Annie had fallen into Luggage by a series of unfortunate events. That she was lucky to have a job at all was constantly emphasised to her by her stepmother Aunt Lil. She had been told all her life that with her looks and personal problems, she shouldn’t really be seen in public. This never-ending litany had served over the 38 years that they had lived together to destroy every last vestige of confidence that she might once have had. In her journey around the other departments, she had rarely ventured to speak or ‘squeak’ as Shirley in China and Glass had put it. She had become known as ‘the mouse’, and it was hard to say whether she had grown into this nickname or if her mouse-like persona had given rise to it in the first place. She was as near happy as she ever ventured to be in Luggage and felt that it was somehow appropriate that she had come to rest here in this unhappy department of unwanted misfits. She sniffed luxuriously, for she suffered from a range of allergies which led to a constantly dripping nose. Her hair clung tenaciously to her head in string-like threads. However, despite her unfortunate outward appearance, inside there lurked a kind heart and a will to please others in whatever way she could. It was only a pity that she couldn’t seem to find a worthy recipient for her pent-up and unsuspected goodwill. As Mrs Goodwin said, “it was hard to say what wa
s worse, when she actually speaks or when she doesn’t.” Overhearing this, Annie bowed her head and went to adjust the label on an elderly suitcase.
The stock in the Luggage department seemed to echo the shortcomings of the staff. It was unattractive, slightly out of date and vaguely musty. There were few customers for this substandard stock, and the management examined the accounts with some concern.
“Should we not just close the department?” asked Mr McElvey. “Things have never been the same since people stopped sending their children to boarding schools and having to buy trunks.”
“Good point,” admitted Mr Philipson. “But how can we hold our heads up as a credible department store without a Luggage department?”
“Maybe we should try to recruit a new buyer to reinvigorate the department,” suggested Mrs Pegram. “Give it one last try?”
“It’s an idea,” said Mr Soames. “Let me give it some thought.”
The others looked at one another. They knew what his thoughts usually led to.
Mr Soames was a nice man. He lived a life in thrall to his wife, Pauline, a large woman whom he had met when they were both juniors in Haberdashery and who retained a keen interest in her previous workplace. He usually talked over the events of the day with her. That night he raised the topic of the Luggage department.

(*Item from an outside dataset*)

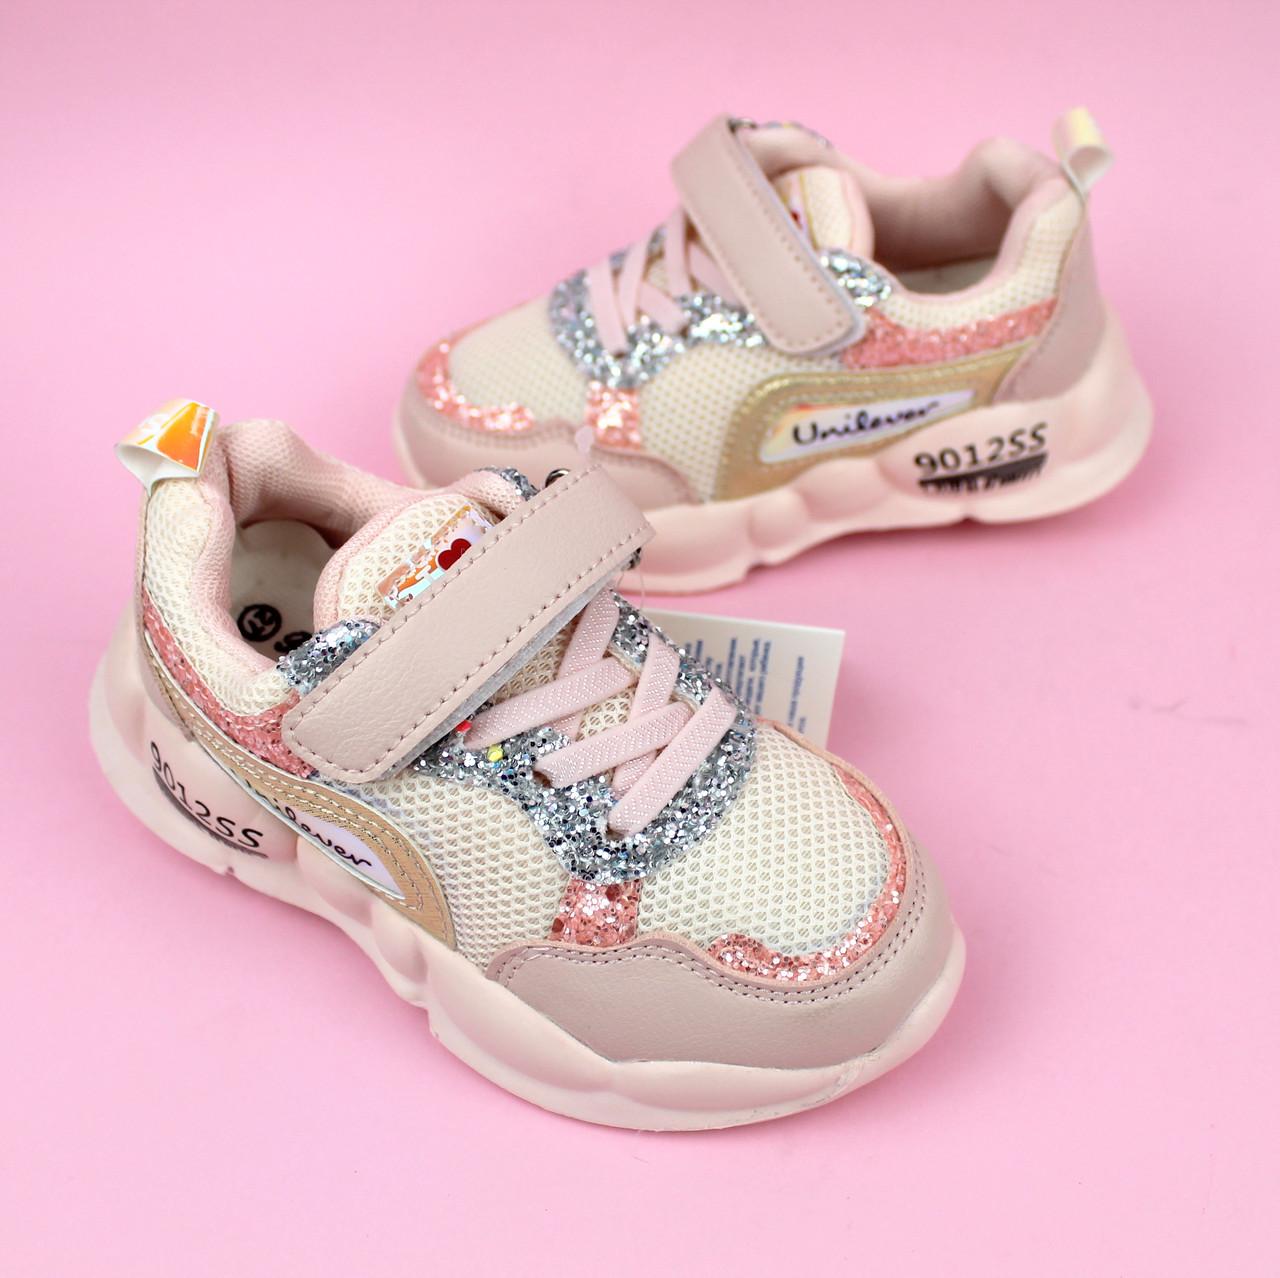 Детские кроссовки на девочку модная стильная спортивная обувь тм Boyang размер 26,27,28,29,30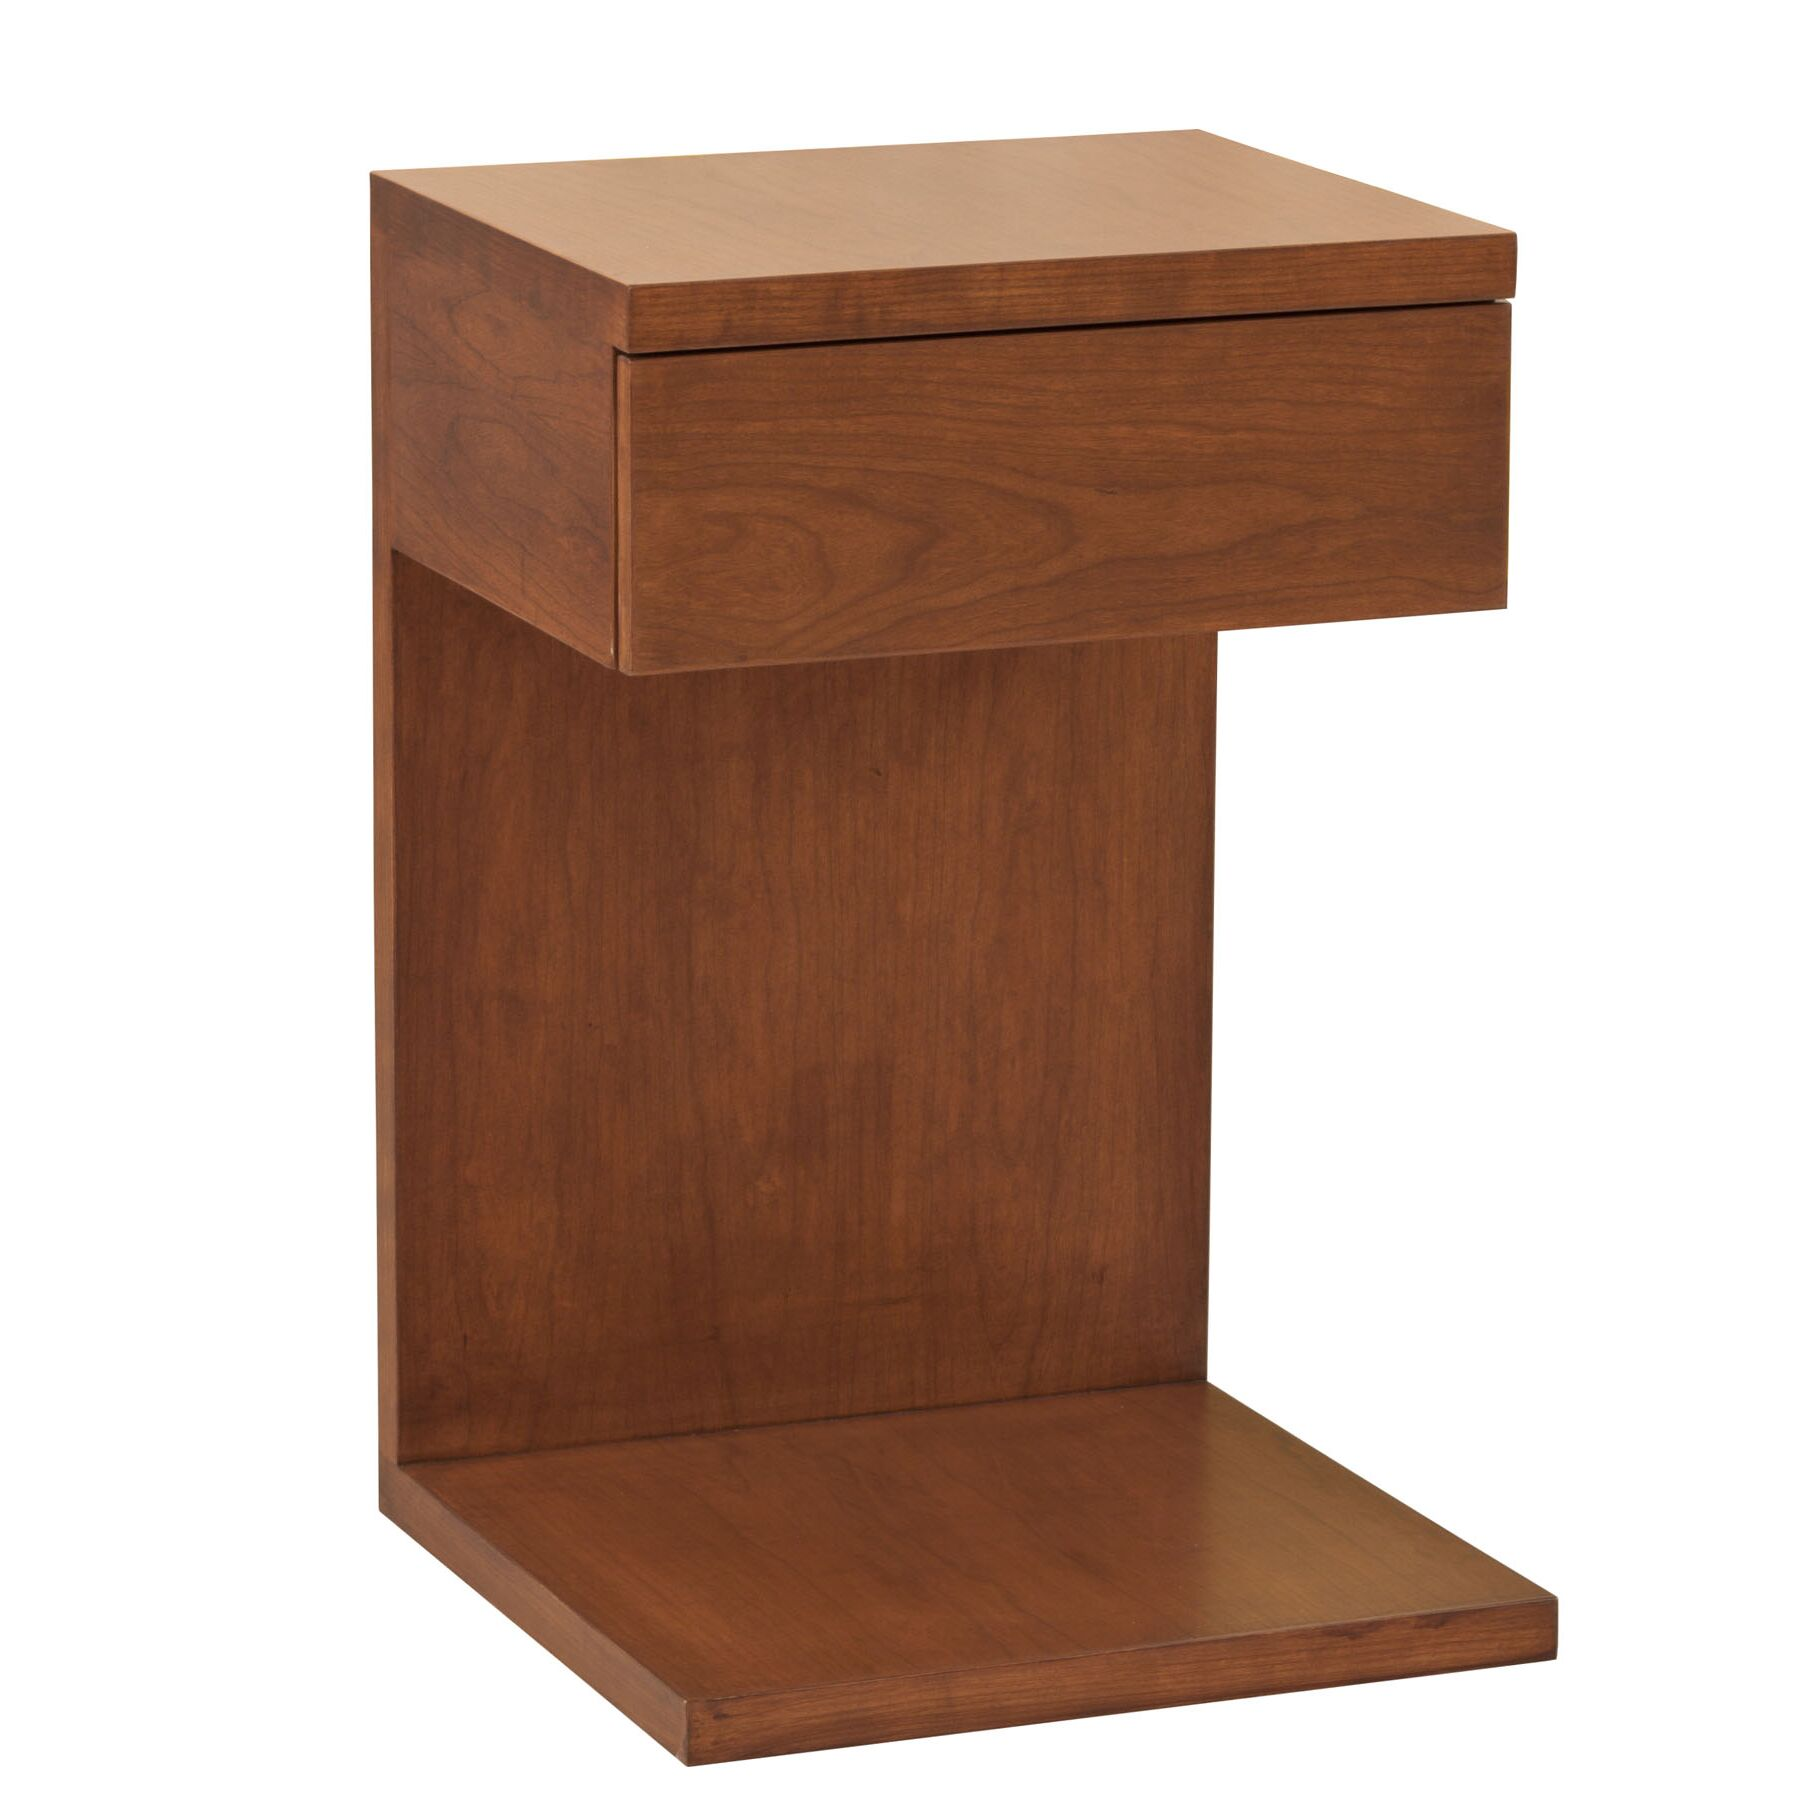 Kadon End Table Wood Veneer: Maple, Color: Ebony

“So what do you think?” he asked at dinner.
“Well, actually I do have an idea,” she replied.
“Go on,” he said encouragingly.
“It’s Rory, you see,” she blurted out.
“Rory? You mean Rory who’s in the Army?” he asked.
“Well, not any more. I gather he’s left under somewhat mysterious circumstances.”
Her nephew had always been a puzzle for the family. Her sister had been curiously evasive when she had coincidentally phoned that day to ask if there was any possibility at Murrays for the erstwhile second lieutenant.